┌──

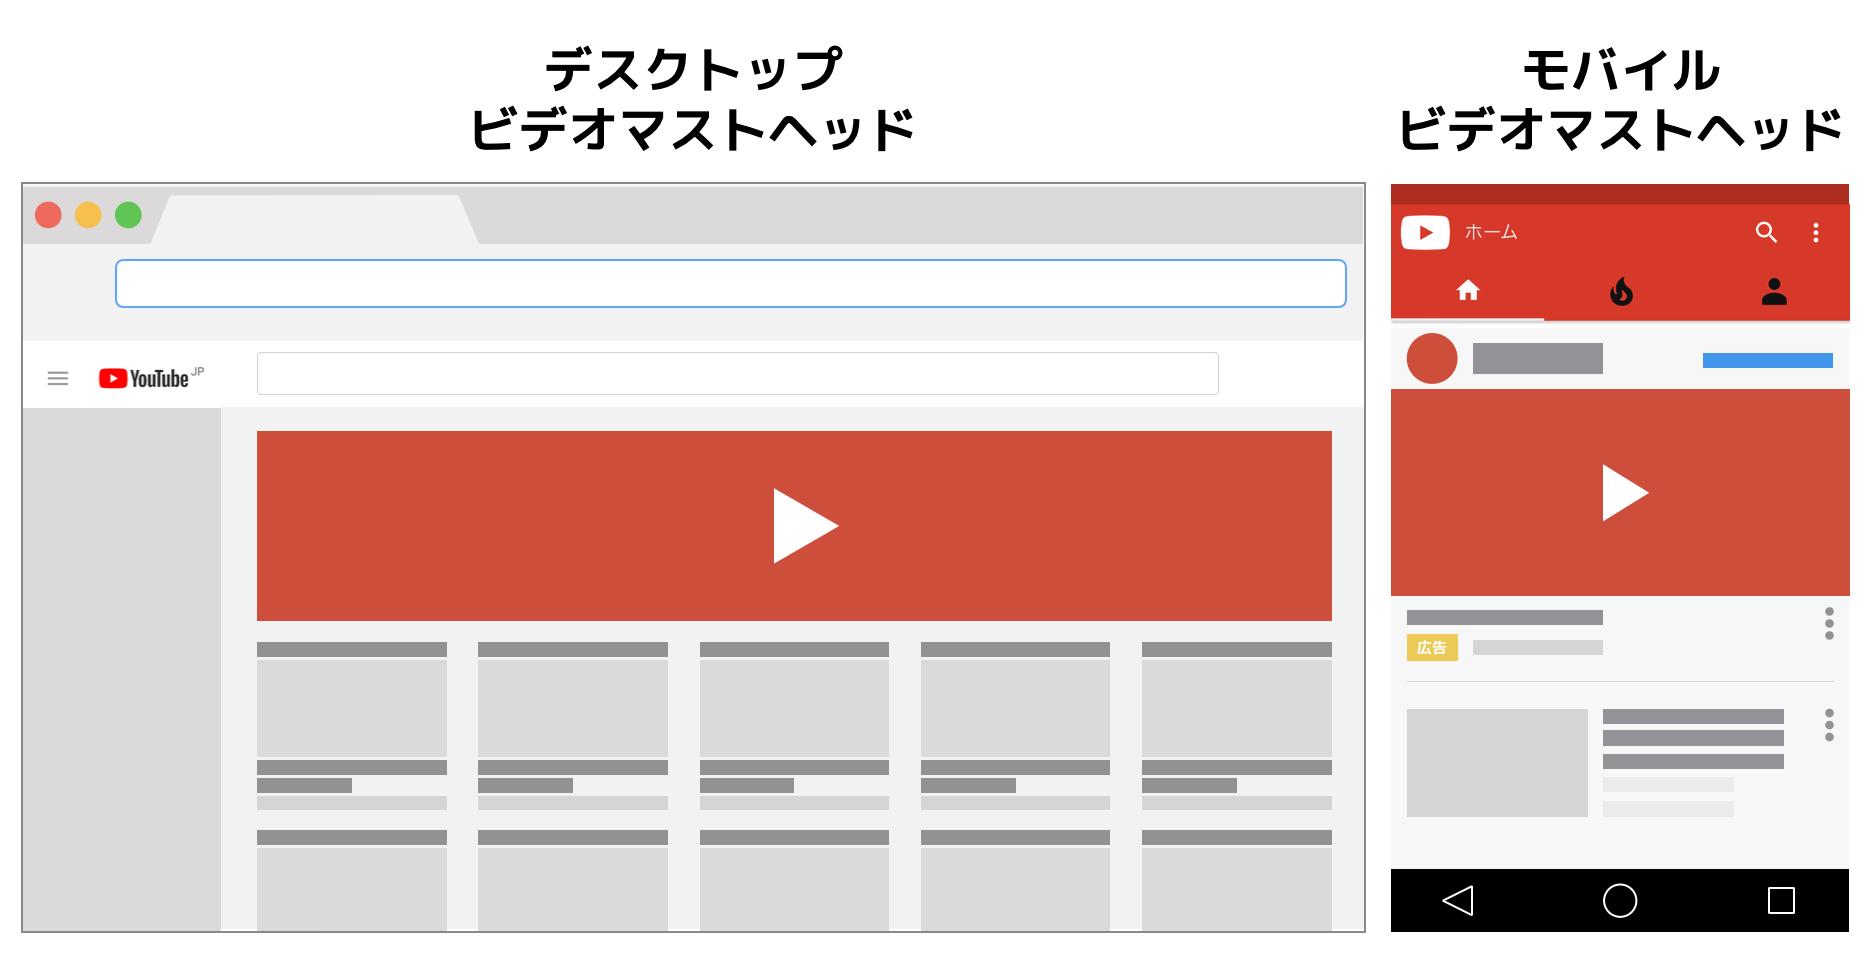 マストヘッド広告とは(YOUTUBE)
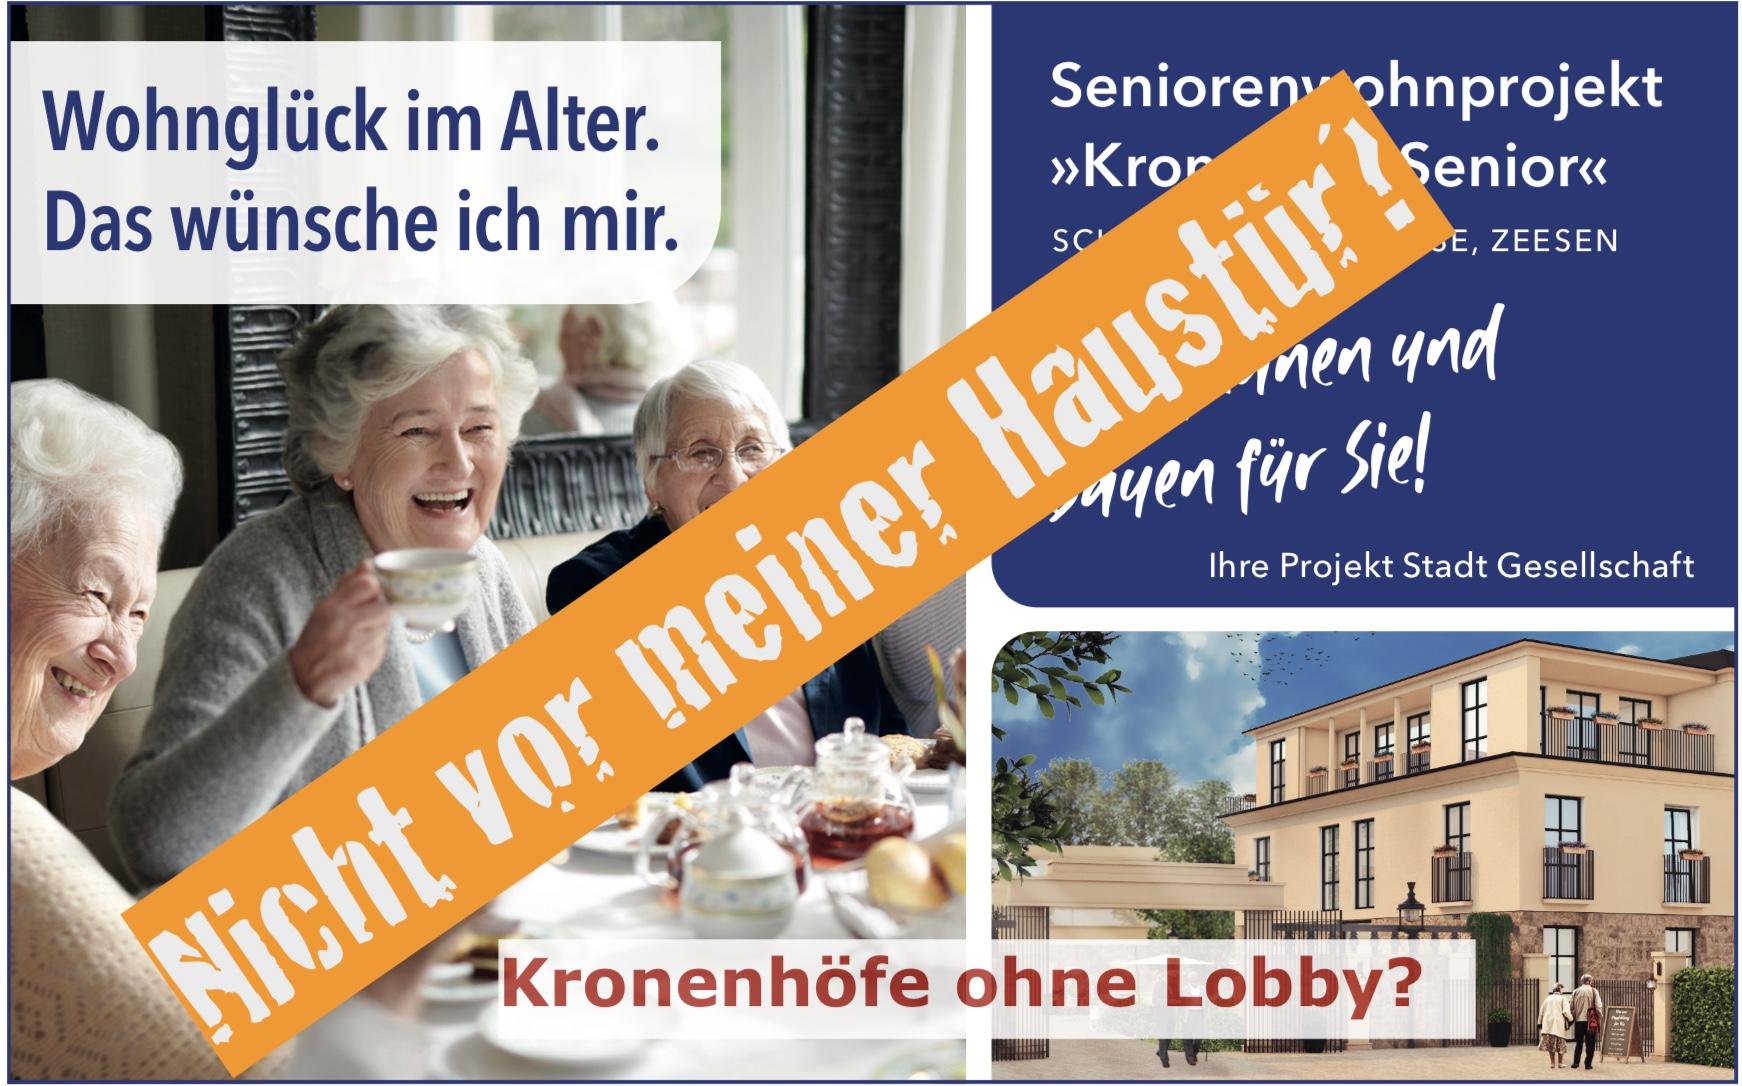 Kronenhöfe ohne Lobby?
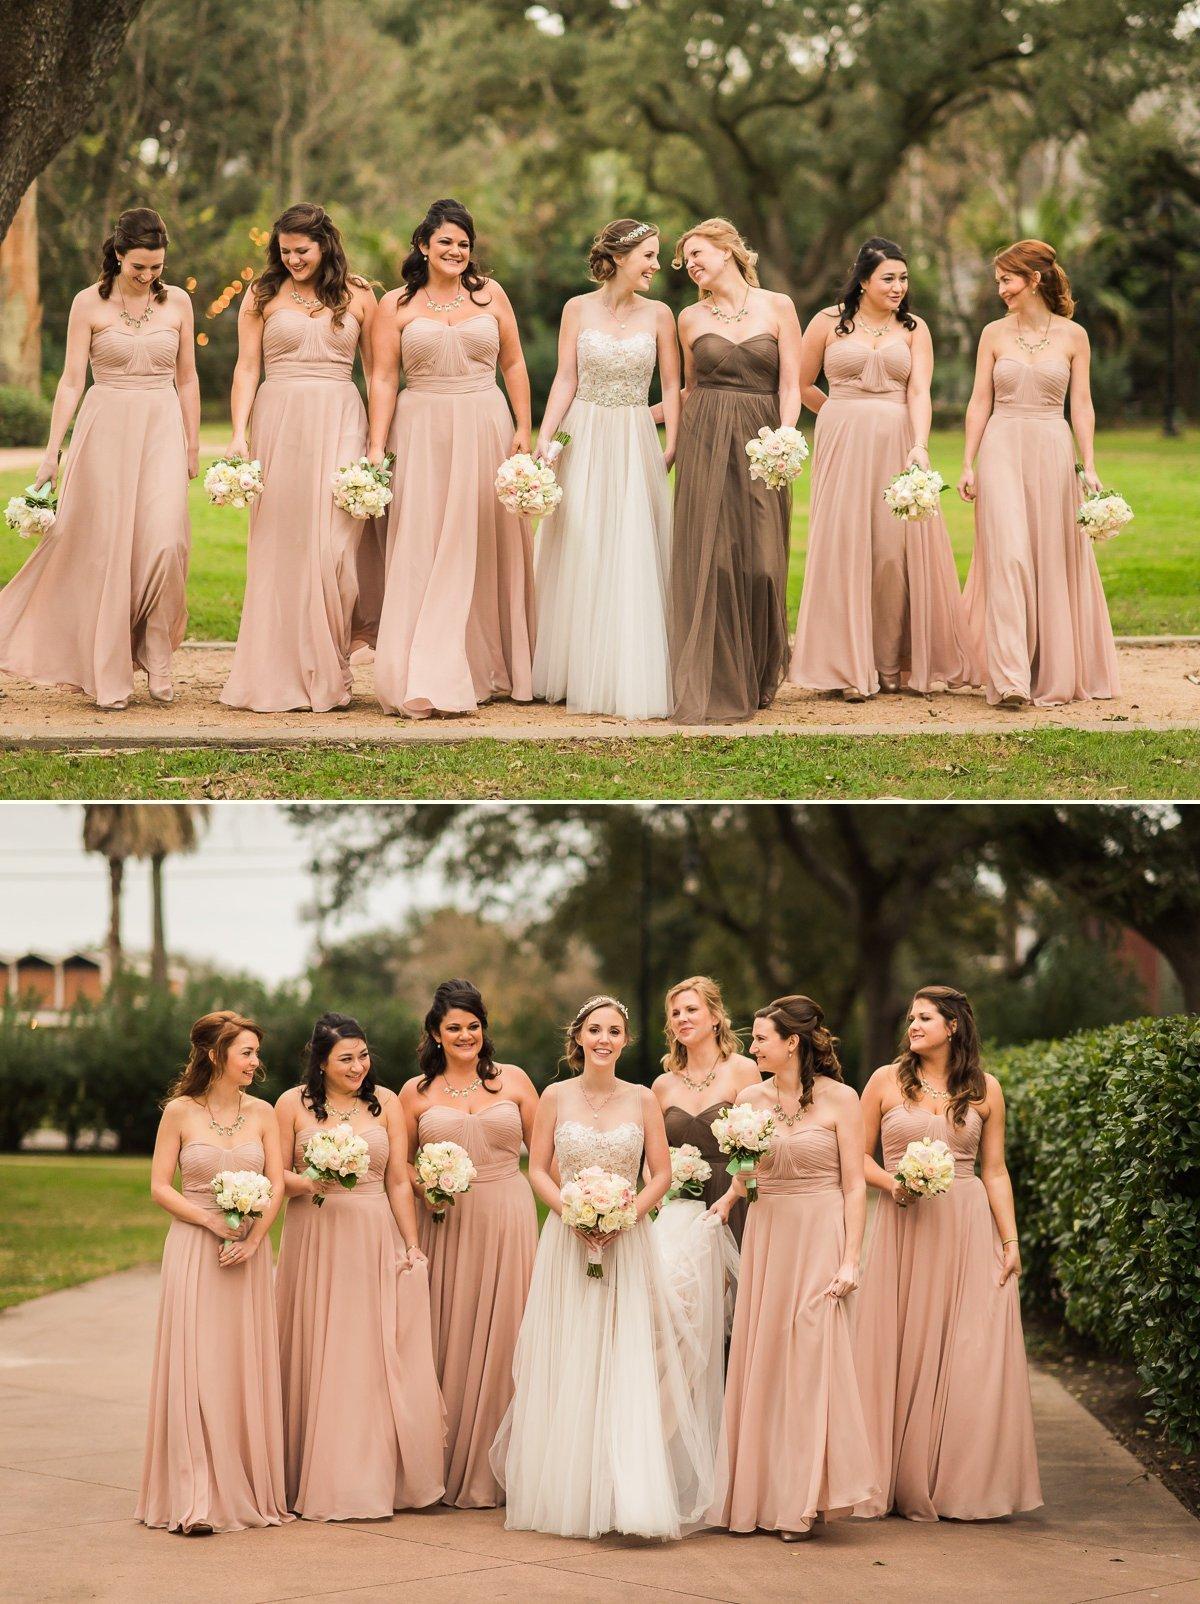 Laine-Spencer-Garten-Verein-Wedding 10
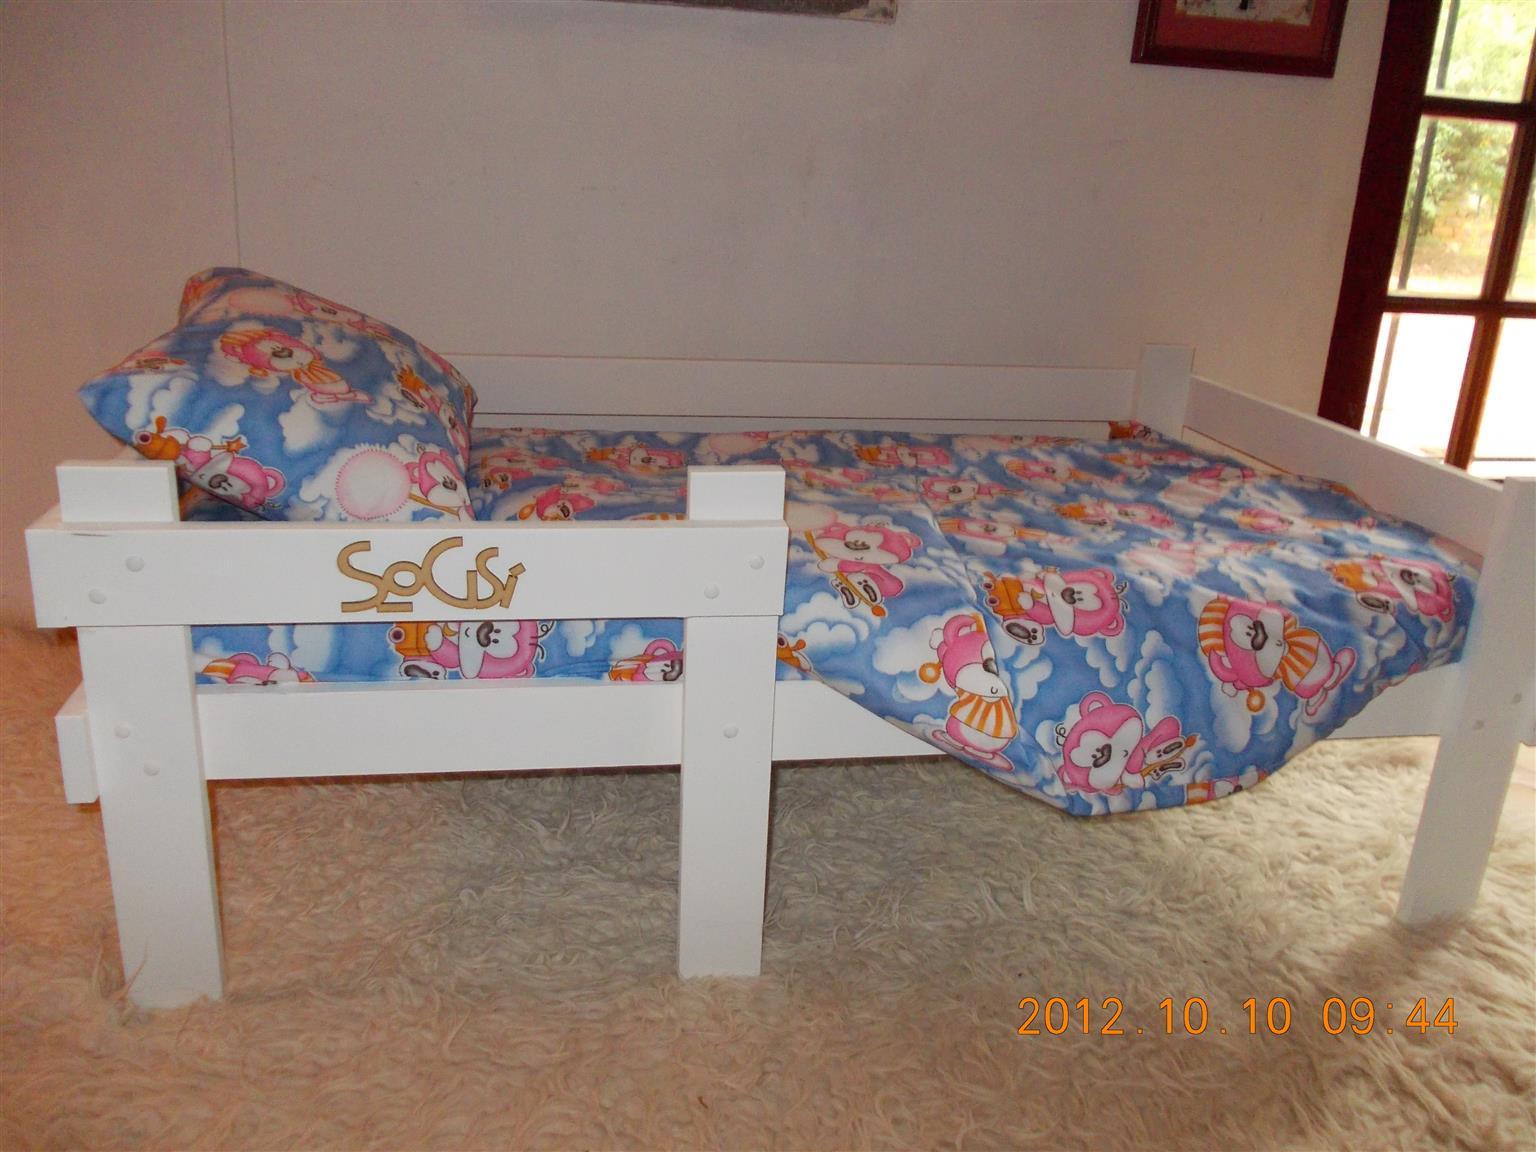 SoGsi Toddler Beds
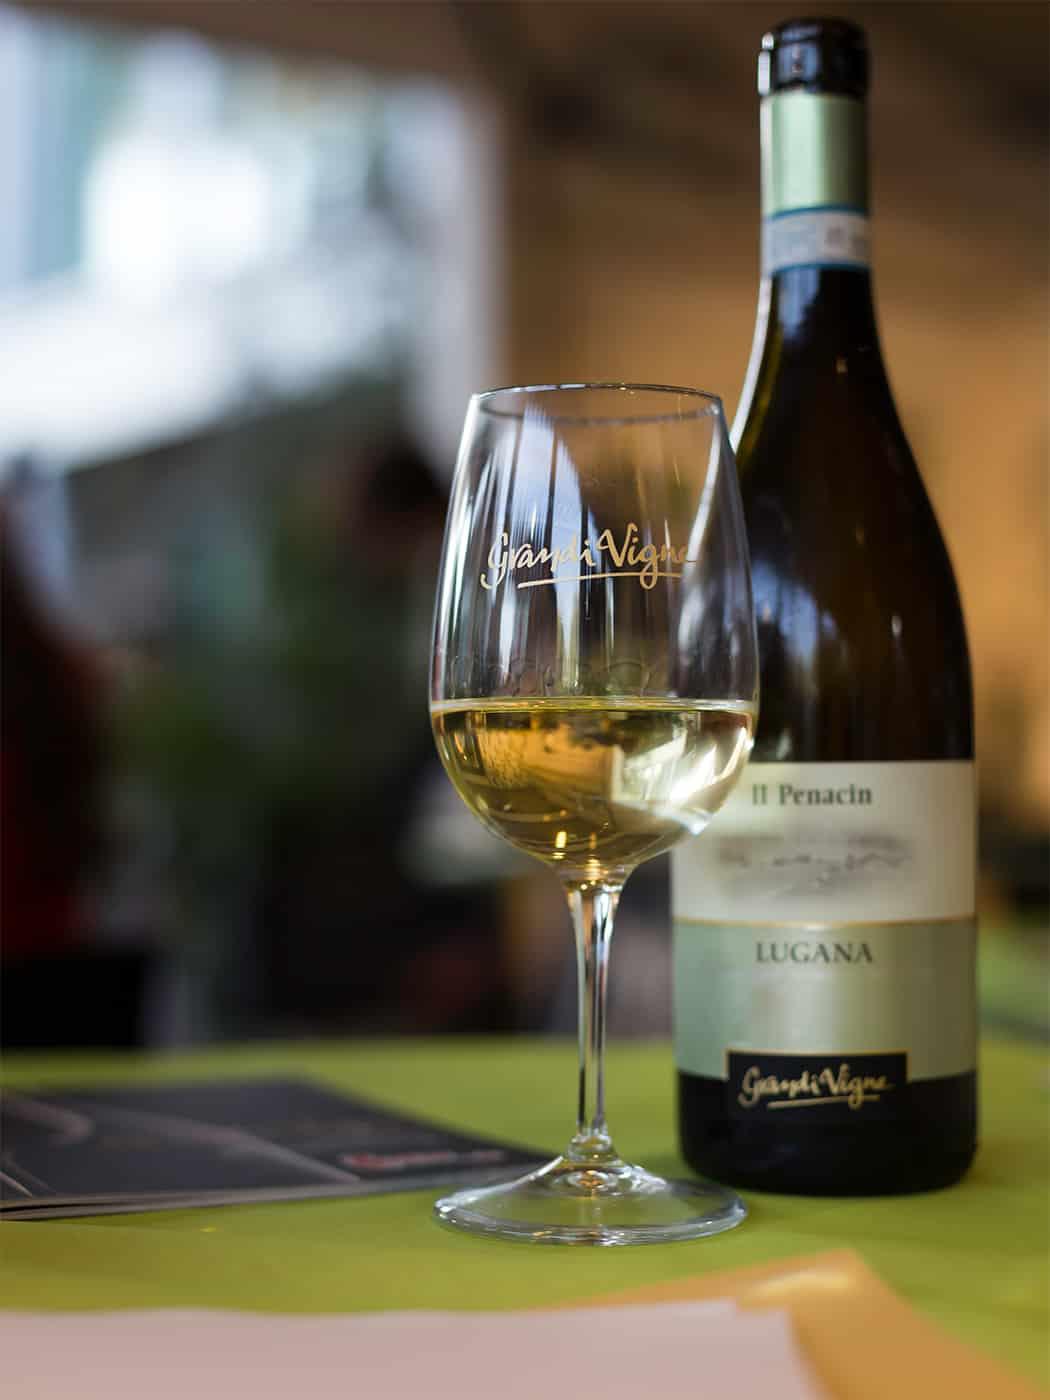 vini bianchi Grandi Vigne

└──

▶ Exercise
Output the full listing above exactly, excluding all pictures.

▶ Result for this exercise
 マストヘッド広告とは(YOUTUBE)
 Kronenhöfe ohne Lobby?
 Laine-Spencer-Garten-Verein-Wedding 10
 SoGsi Toddler Beds
 vini bianchi Grandi Vigne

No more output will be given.